The first register address is the System register set by the system software whenever a core is activated.

  1. System Register (bit 0 is enable, bit 1 is play/acq, bits[11:8] input format, [15:12] output format))
Input/Output formats: bit[2:0]? 0=16b 1=8b 2=4b 3=1b 4=32b  bit[3]?complex:real

The next 7 register addresses are pre-defined and set by every call to pic_ioport on a CORE or MCORE.

  1. Decimation (dec-1)
  2. Gain
  3. Rate (Hz)
  4. Ratio (fractional binary)
  5. Frame (frame-1)
  6. Frequency (fractional binary)
  7. Flags

The next 8 are reserved for other system routines.

8..15) Filter coef loaders

The rest are available for user core parameters.

16..255) User parameters for each multicore.
16..1M)  User parameters for each core.

The user registers are not written or cleared by system software.

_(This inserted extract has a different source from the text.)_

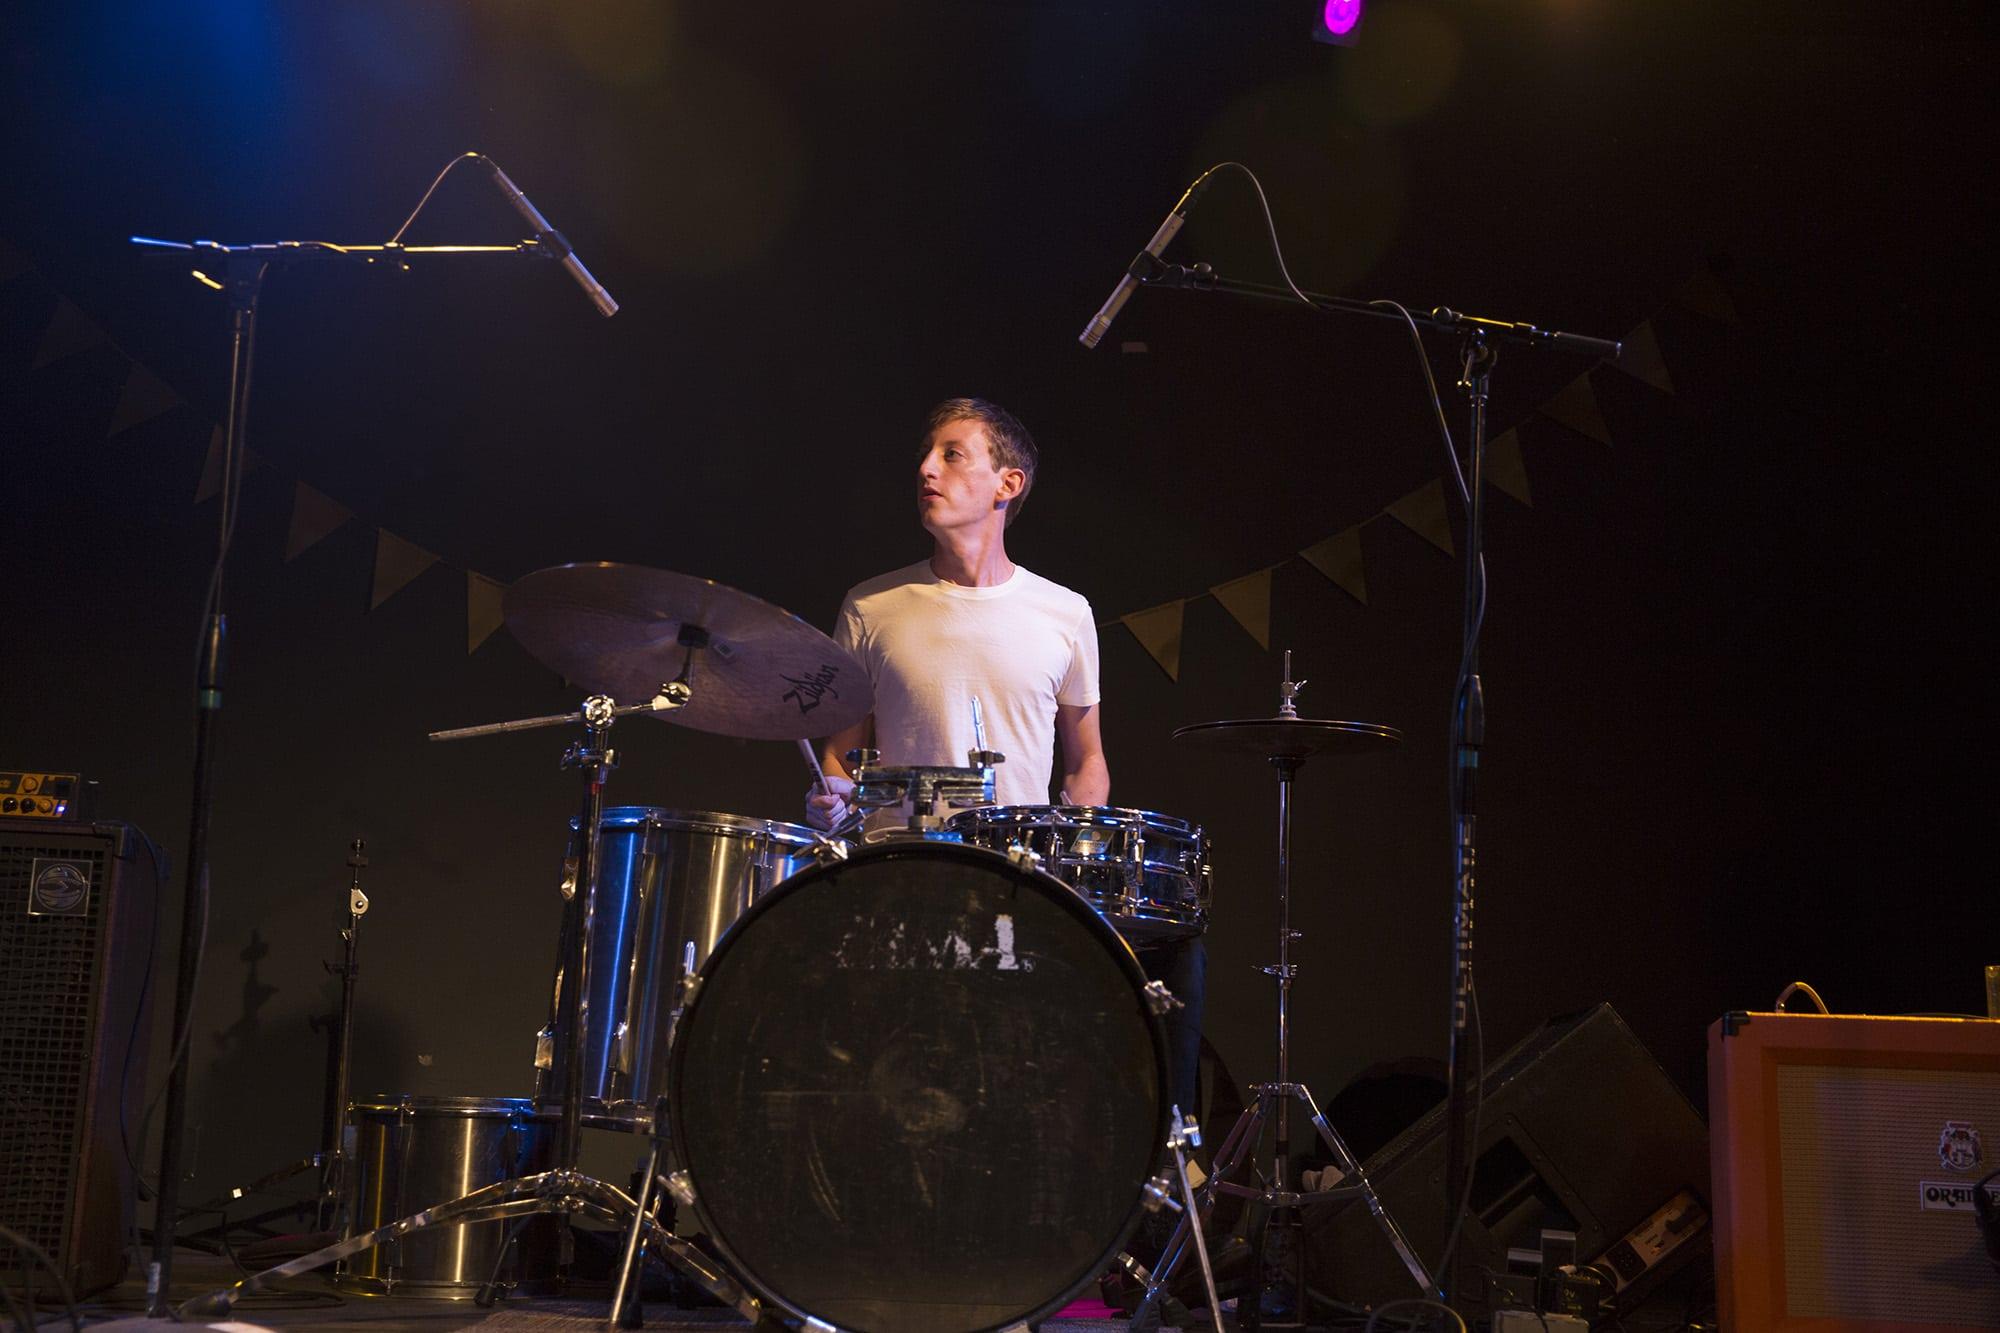 Lvl Up performing at Schine Underground,Syracuse University. 09/28/17

See the help on each of these routines for detailed syntax.

Routing - data routing rules

Each core has one data input stream and one data output stream. The multi-channel cores also have an 8-bit channel select with each of these streams. The run-time routing is handled via the IPORT and OPORT flags in the handle given to the pic_ioport call.

The default route for an acquisition is IPORT=MODULEx (where x=1|2 to be on the same side of the card and OPORT=HOST. The default route for playback is IPORT=HOST and OPORT=MODULEx.

DMA - DMA Crossbar functionality

The DMA engine does not transfer back-to-back packets to the same core. This allows at least 8 clocks to register the proper IO ready lines for the next transfer. The enable lines are also one cycle ahead of the actual transfer so that modules can register or preload data to ease timing considerations.

Tracer - Embedded FPGA debug trace mechanism

If a FPGA core module contains an instance of swrstatdbg, the unit can be tested while live using ICETEST TRACER from then nextmidas prompt. See the explain of ICETEST for more info.